History

United Kingdom
- Name: HMS Renard
- Builder: John Cuthbert, Millers Point, New South Wales
- Launched: 16 January 1873
- Fate: Sold in March 1883.

General characteristics
- Type: Beagle-class schooner
- Tons burthen: 120 bm
- Length: 77 ft 0 in (23.5 m)
- Beam: 18 ft 6 in (5.6 m)
- Depth of hold: 8 ft 6 in (2.59 m)
- Sail plan: Schooner
- Complement: 27
- Armament: 1 × 12-pounder gun

= HMS Renard (1873) =

HMS Renard was a schooner of the Royal Navy, built by John Cuthbert, Millers Point, New South Wales and launched 16 January 1873.

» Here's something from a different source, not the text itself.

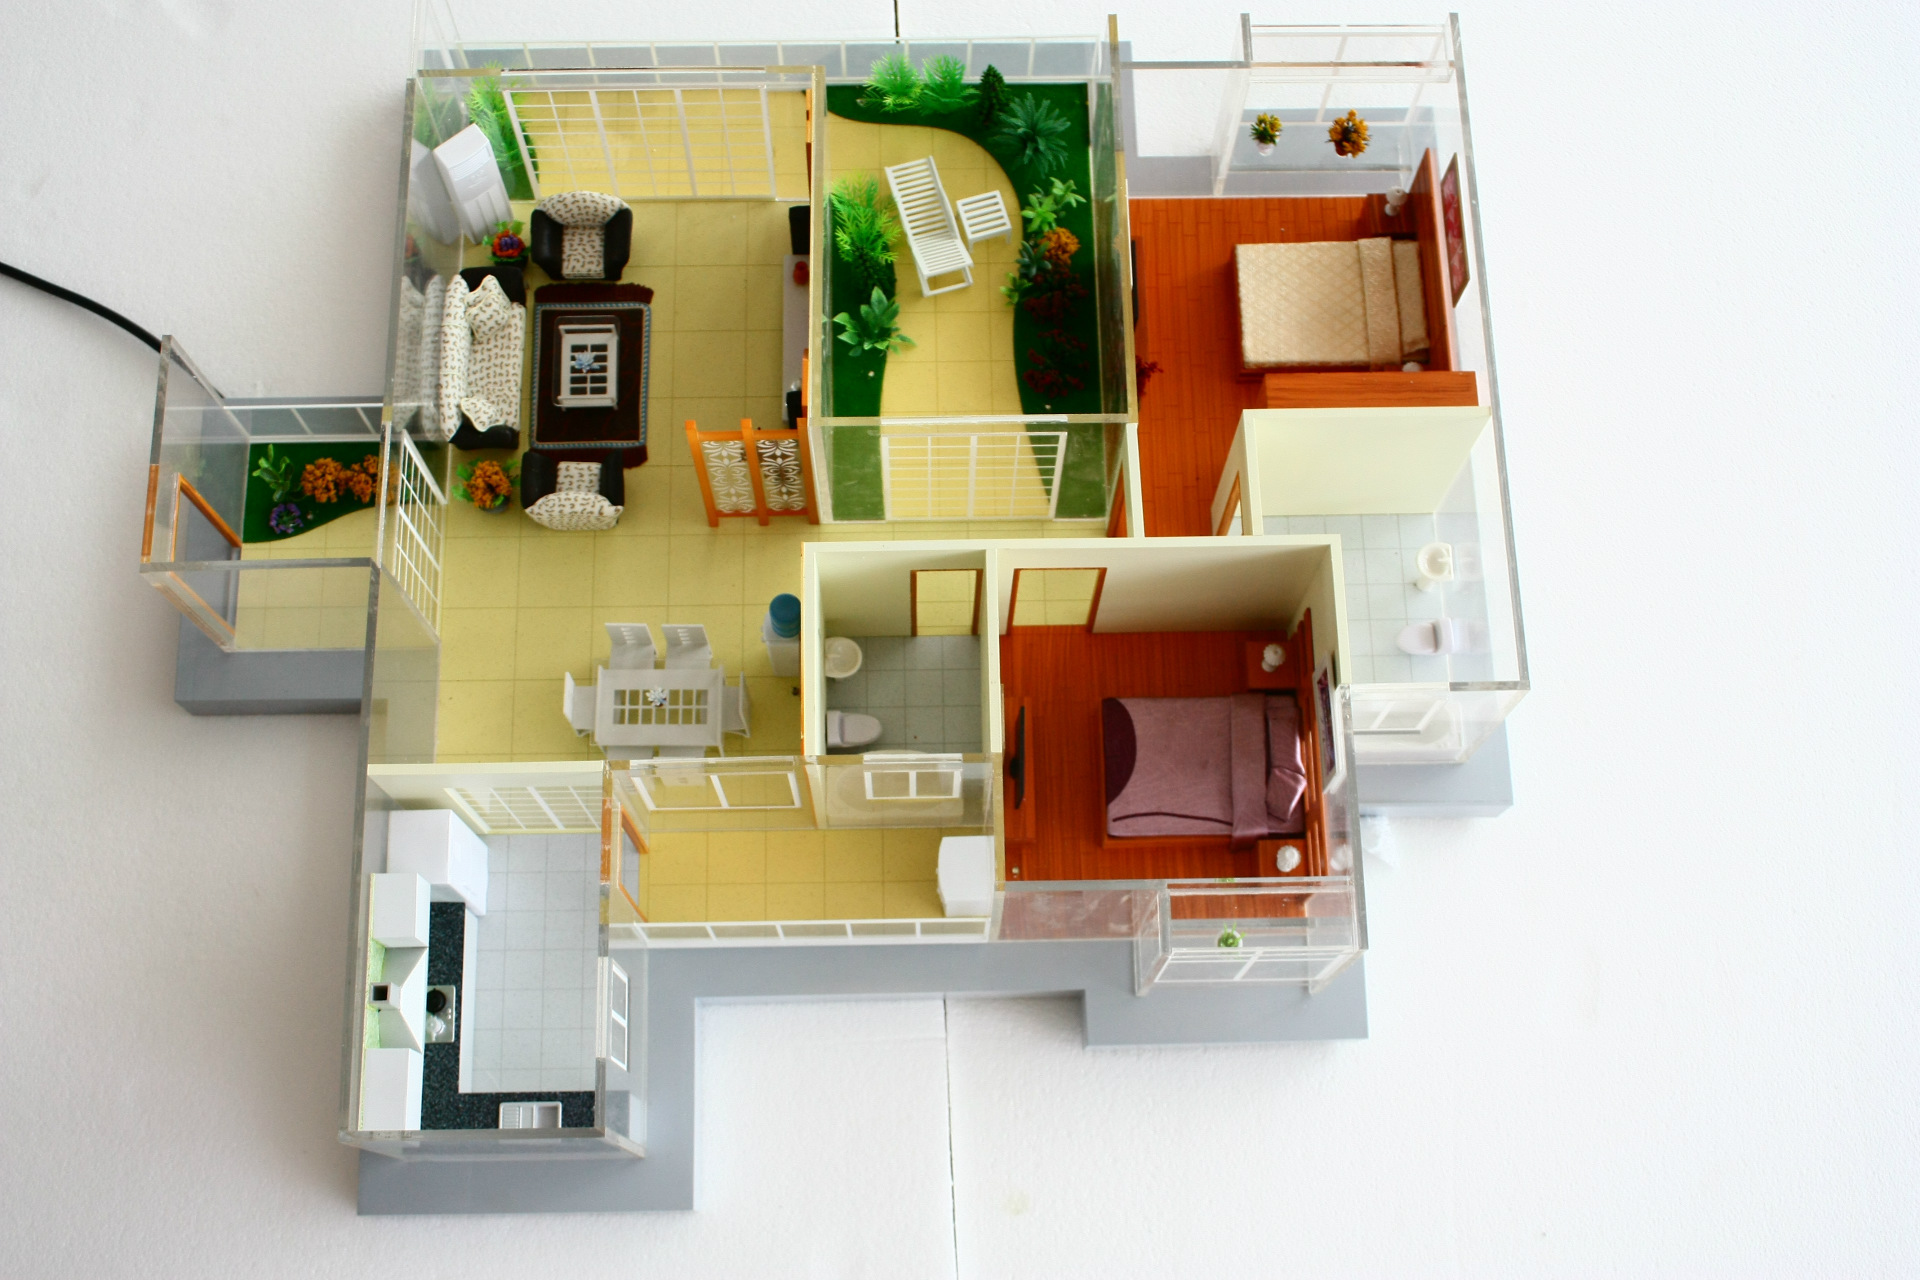 简单房子模型 平面图片

She commenced service on the Australia Station at Sydney in 1873 for anti-blackbirding operations in the South Pacific and later hydrographic surveys around Chesterfield Islands, Fiji and the Russell Islands. She ran aground on an uncharted reef in late 1874. Her captain was deemed blameless in the matter of the grounding. Under the command of Captain Pugh, she was engaged in anti-blackbirding operations in 1876 and visited Nukufetau in the Ellice Islands in search of Bully Hayes, who was notorious for his blackbirding activities.

She was paid off in 1883 and sold. She was then employed in the Solomon Islands trade.